In 2018, Protect Democracy broke away from its federal work and intervened in recounts under way in two states, Georgia and Florida, where candidates were overseeing elections in which they were also competing. In Georgia, their lawsuit helped prompt gubernatorial candidate Brian Kemp to resign as secretary of state. Since then, the group has sought to find and fix weaknesses in voting systems, lobbying and advocating for new voting machines in South Carolina and Pennsylvania. It has also tackled voter suppression, using an old statute aimed at the Ku Klux Klan to stop a Trump ally from harassing Latino voters in Virginia and working with a North Carolina group, Forward Justice, to bring a lawsuit that would force the state to re-enfranchise felons.
More than a year ago, Protect Democracy formed a bipartisan election task force to examine such threats and recommend responses. Ironically, one of the crises they originally decided not to plan for was a potential pandemic. Now, as COVID-19 has thrown states’ election plans into doubt, the group has made a set of recommendations for moving forward with mail balloting and other changes.
For now, Protect Democracy says it wants to ensure that the November election is free and fair, producing a result that can be widely accepted as legitimate regardless of who wins. Whenever Trump leaves office, the group envisions a brief window for Congress to pass reforms, similar to the burst of legislation that followed President Nixon’s resignation. The organization has been gearing up for this with a “100 days agenda” of recommendations for the next President, including changes to election systems, prohibitions on election interference and campaign-finance reform.
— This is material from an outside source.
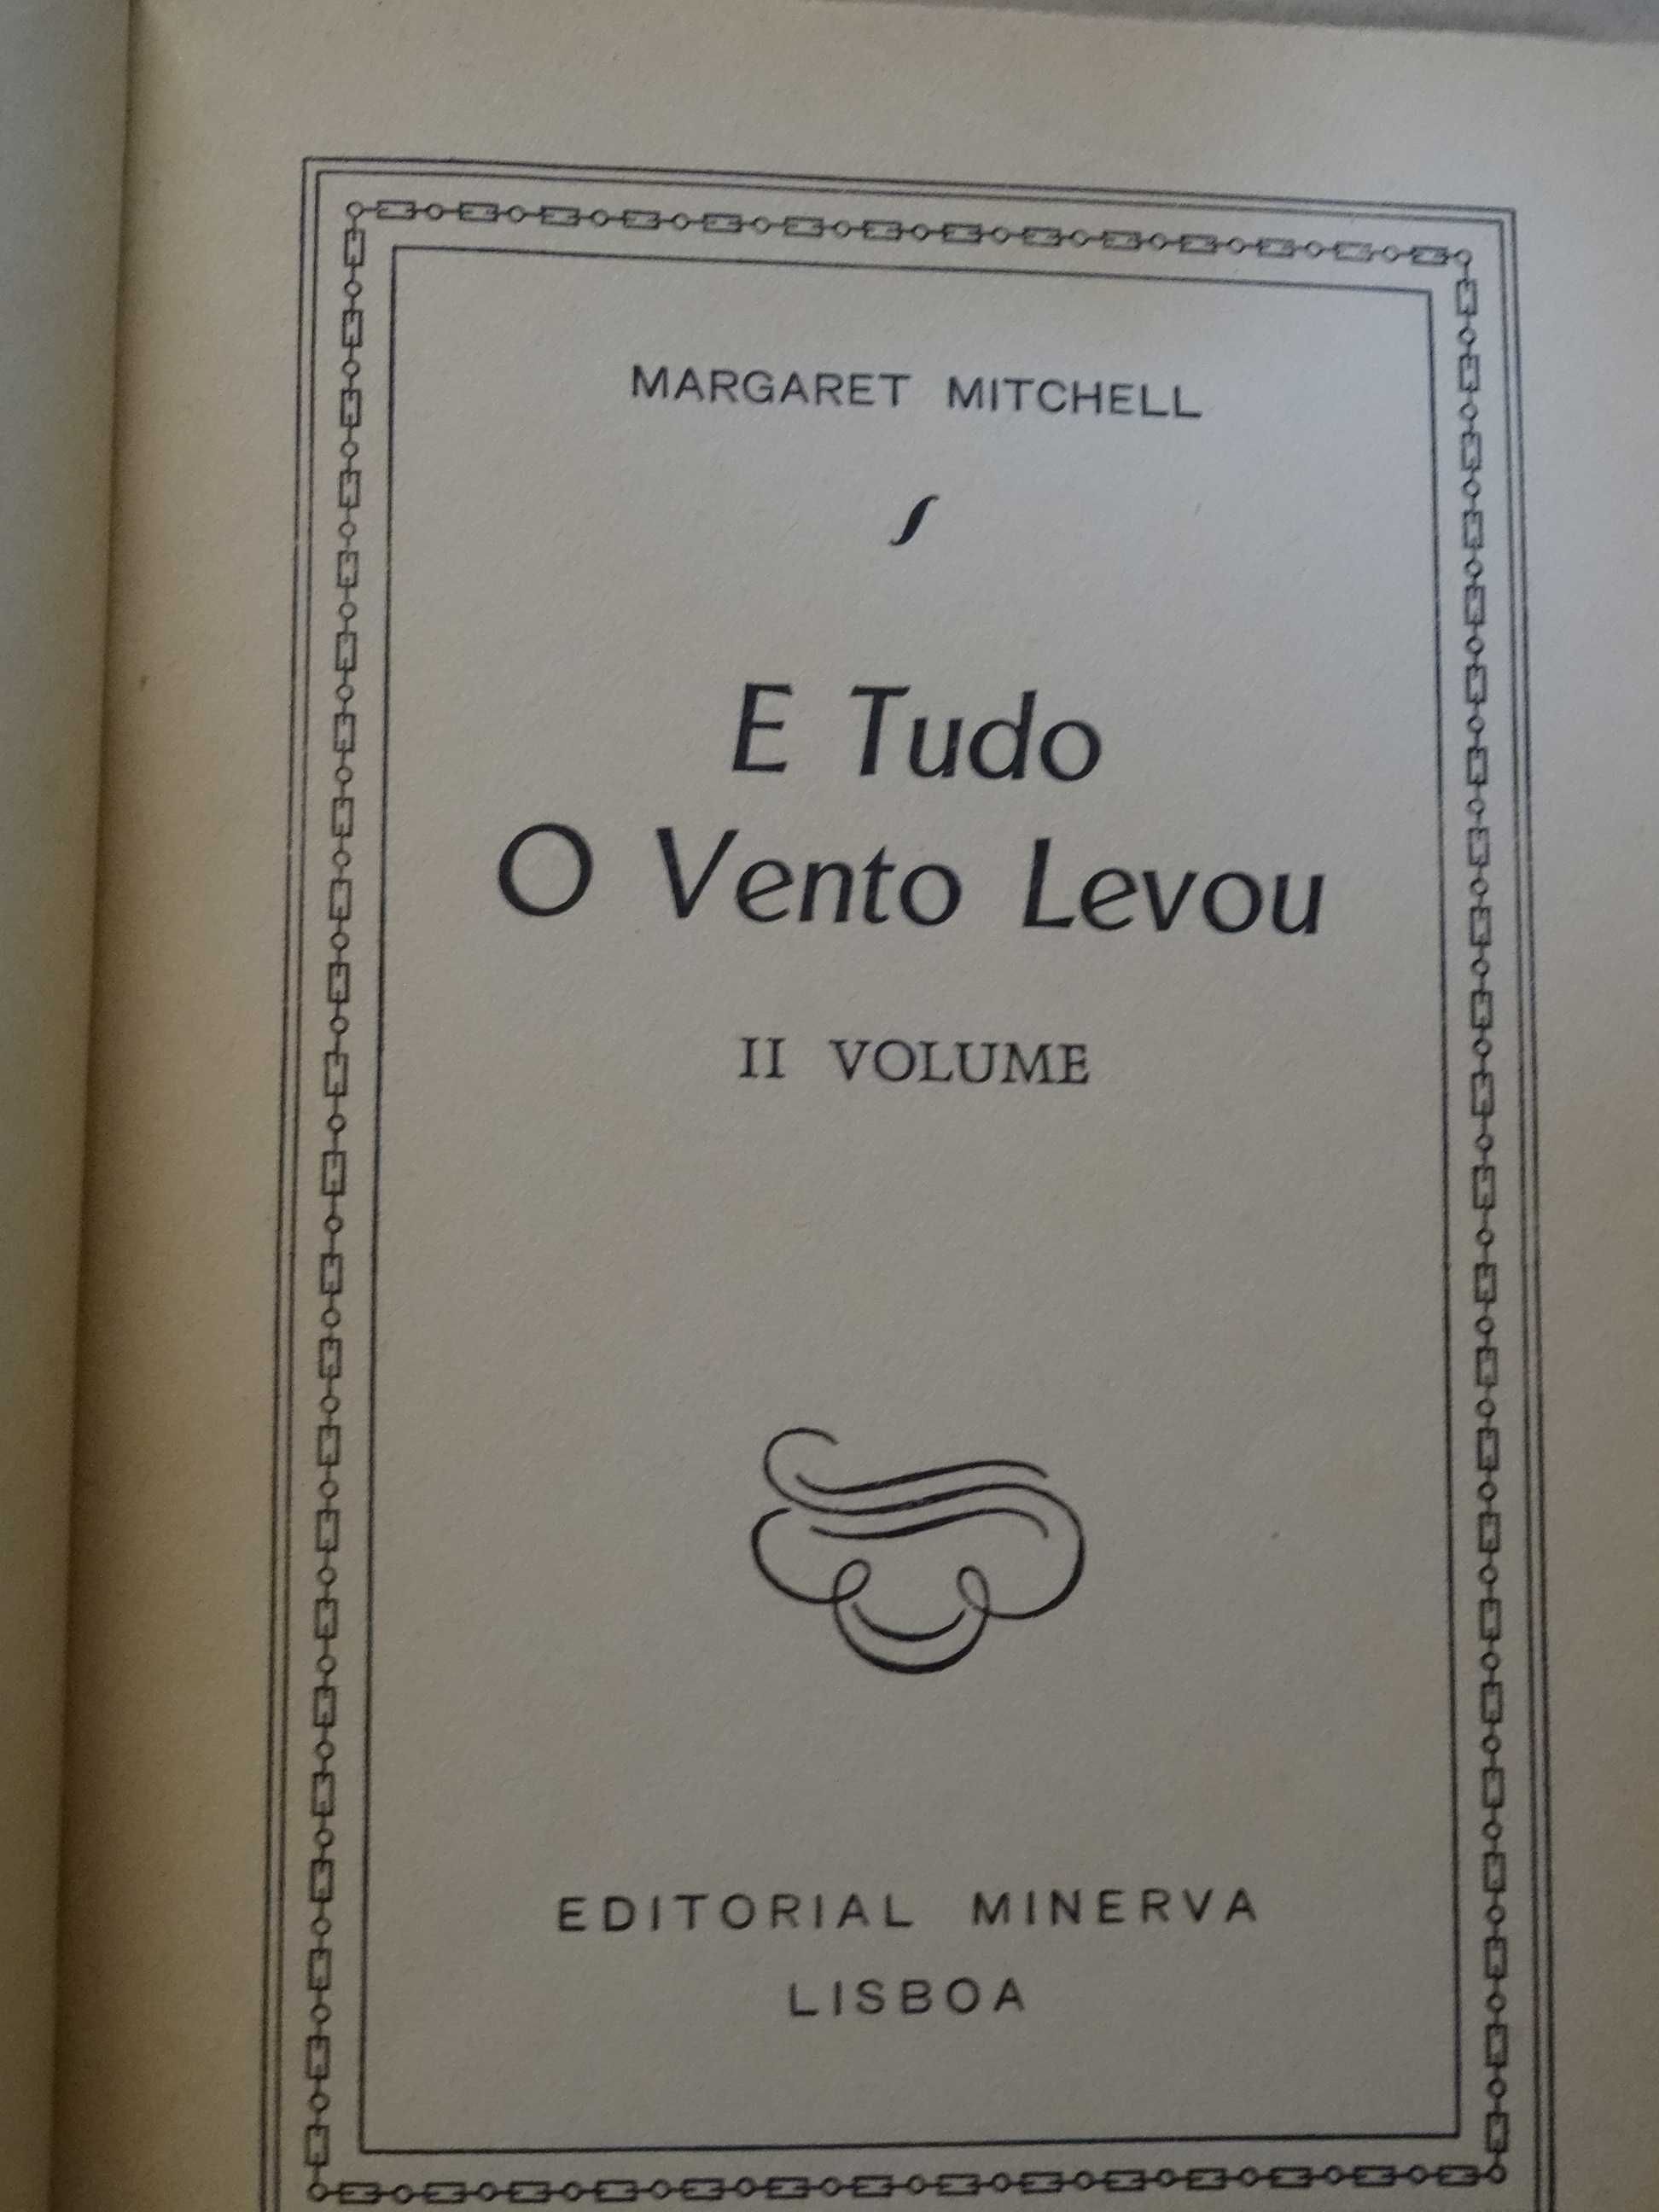 E Tudo o Vento Levou de Margaret Mitchell - 2 Volumes - 1ª Edição

In a democracy, the people are the ultimate check on power. Protect Democracy’s central argument is that institutions don’t protect themselves; people have to be activated to use the tools the system provides. In a timely metaphor, the group’s leaders compare authoritarianism to a virus sweeping the globe: first you treat the patient by activating the body’s immune system to fight off the illness; over time, you formulate a vaccine to provide immunity in the future.
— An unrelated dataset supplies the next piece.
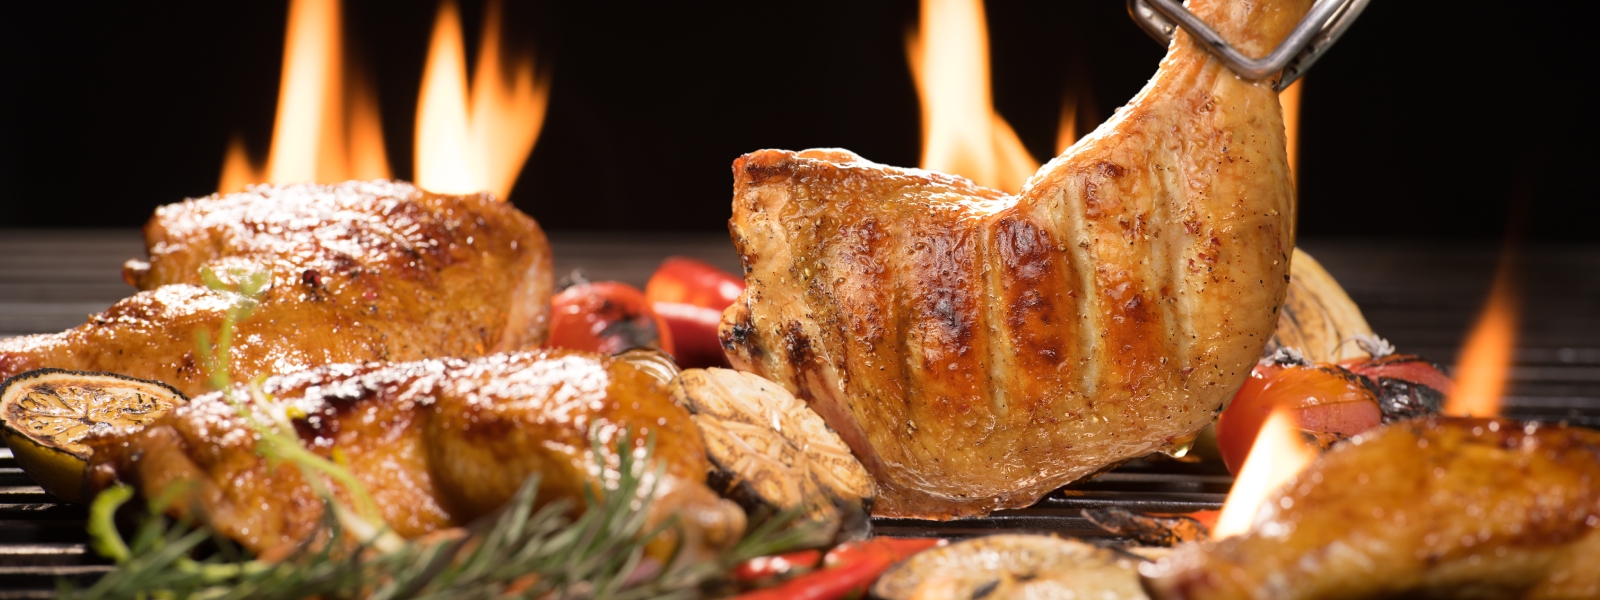 Maeme's Piri Piri - Aldershot grilled chicken

“When Ian and I first started talking about this, we thought it would be an organization that lasted however long Trump was in office, then folded up shop,” says Florence, the group’s co-founder and legal director. “What we’ve learned is that we’re seeing a moment that requires a generation-long response. Ultimately, we’ve got to rebuild our institutions to make our system more resistant to a future authoritarian-minded leader.”